Once (arr 0) is one, the result is (count arr).
My gut says that usually one of the elements will be reduced to one, leading to the result to be (count arr) most of the time. My gut also says that is an uninteresting function to mostly, but not always, return (count arr) so I might be wrong.
In the cases where the result is (count arr) exiting as soon as (= 1 (arr 0)) would provide a performance boost.
(defn s-1 [arr]
(loop [state {:arr arr :sum 0}]
(let [cur-arr (get state :arr)
trx (next-transformation cur-arr)]
(cond (nil? trx) (* (count cur-arr)
(nth cur-arr 0 0))
(= 1 (first cur-arr)) (count arr)
:else (let [i (nth trx 0)
j (nth trx 1)
xi (nth cur-arr i)
xj (nth cur-arr j)
diff (- xi xj)]
(recur (assoc state :arr (assoc cur-arr
i
diff))))))))
Timing:
user> (def solution s-1)
;; next-transformation has been restored to original
user> (time (solution [91293 38437 40626 173 76990 17858 43446 25050 10791
68990 52403 21503 52331 51909 73488 91293 38437 40626
173 76990 17858 43446 25050 10791 68990 52403 21503
52331 51909 73488 91293 38437 40626 173 76990 17858
43446 25050 10791 68990 52403 21503 52331 51909 73488
91293 38437 40626 173 76990 17858 43446 25050 10791
68990 52403 21503 52331 51909 73488]))
"Elapsed time: 9.182584 msecs"
60
#'user/next-transformation
user> (time (solution [91293 38437 40626 173 76990 17858 43446 25050 10791
68990 52403 21503 52331 51909 73488 91293 38437 40626
173 76990 17858 43446 25050 10791 68990 52403 21503
52331 51909 73488 91293 38437 40626 173 76990 17858
43446 25050 10791 68990 52403 21503 52331 51909 73488
91293 38437 40626 173 76990 17858 43446 25050 10791
68990 52403 21503 52331 51909 73488]))
"Elapsed time: 2.379 msecs"
60
Cleaning up solution, per my tastes:
;; :sum is never used.
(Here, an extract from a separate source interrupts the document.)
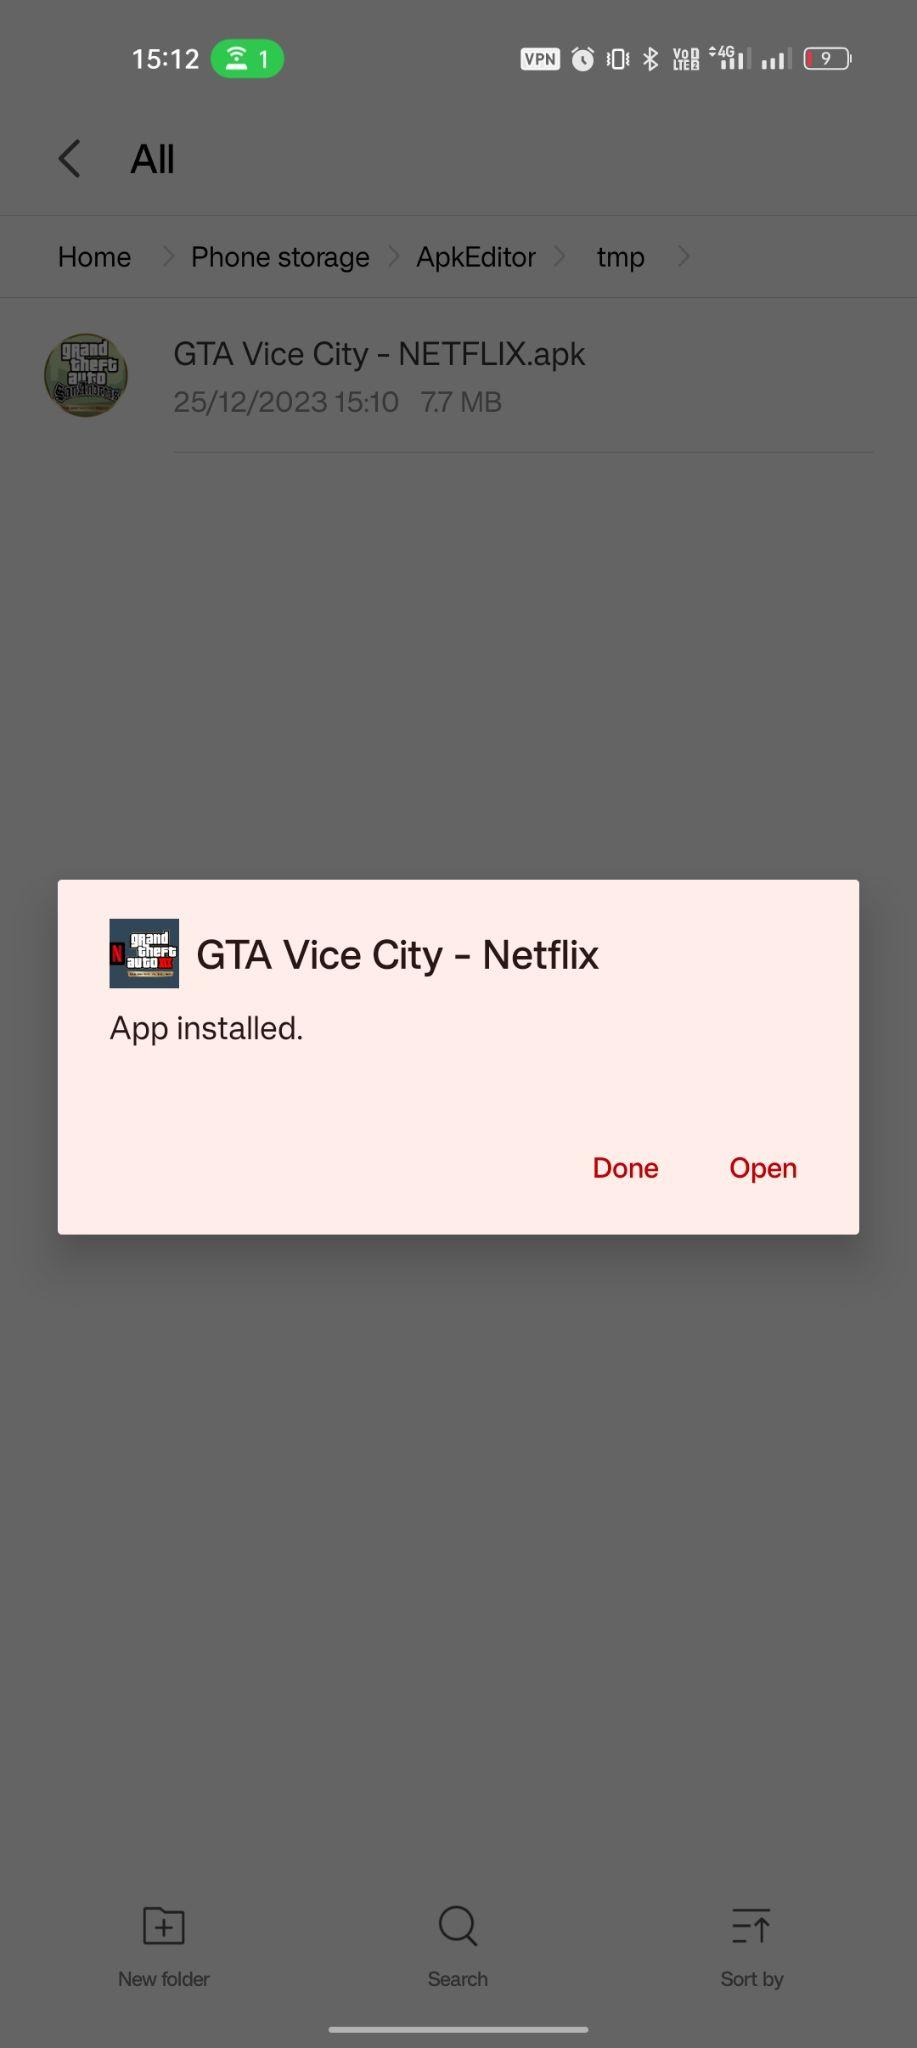 GTA : Vice City - Netflix apk installé

So there is no reason
;; to have `state` with two entries.
;; (Not that there ever was:
;; `(loop [arr arr sum 0]...)`)
;; would have been fine.
;; With only `arr` changing, we can
;; recur to the function top, without
;; `loop`
(defn s-2 [arr]
(let [trx (next-transformation arr)]
(cond (nil? trx) (* (count arr)
(nth arr 0 0)) ; Last `0` provides a default
(= 1 (first arr)) (count arr)
:else (let [[i j] trx ;destructuring
diff (- (arr i) (arr j))]
(recur (assoc arr i diff))))))
Timing:
user> (def solution s-2)
#'user/solution
user> (time (solution [91293 38437 40626 173 76990 17858 43446 25050 10791
68990 52403 21503 52331 51909 73488 91293 38437 40626
173 76990 17858 43446 25050 10791 68990 52403 21503
52331 51909 73488 91293 38437 40626 173 76990 17858
43446 25050 10791 68990 52403 21503 52331 51909 73488
91293 38437 40626 173 76990 17858 43446 25050 10791
68990 52403 21503 52331 51909 73488]))
"Elapsed time: 2.116625 msecs"
60
Using time once is not great benchmarking, but given the size of the differences seen I believe it is still directional in this case.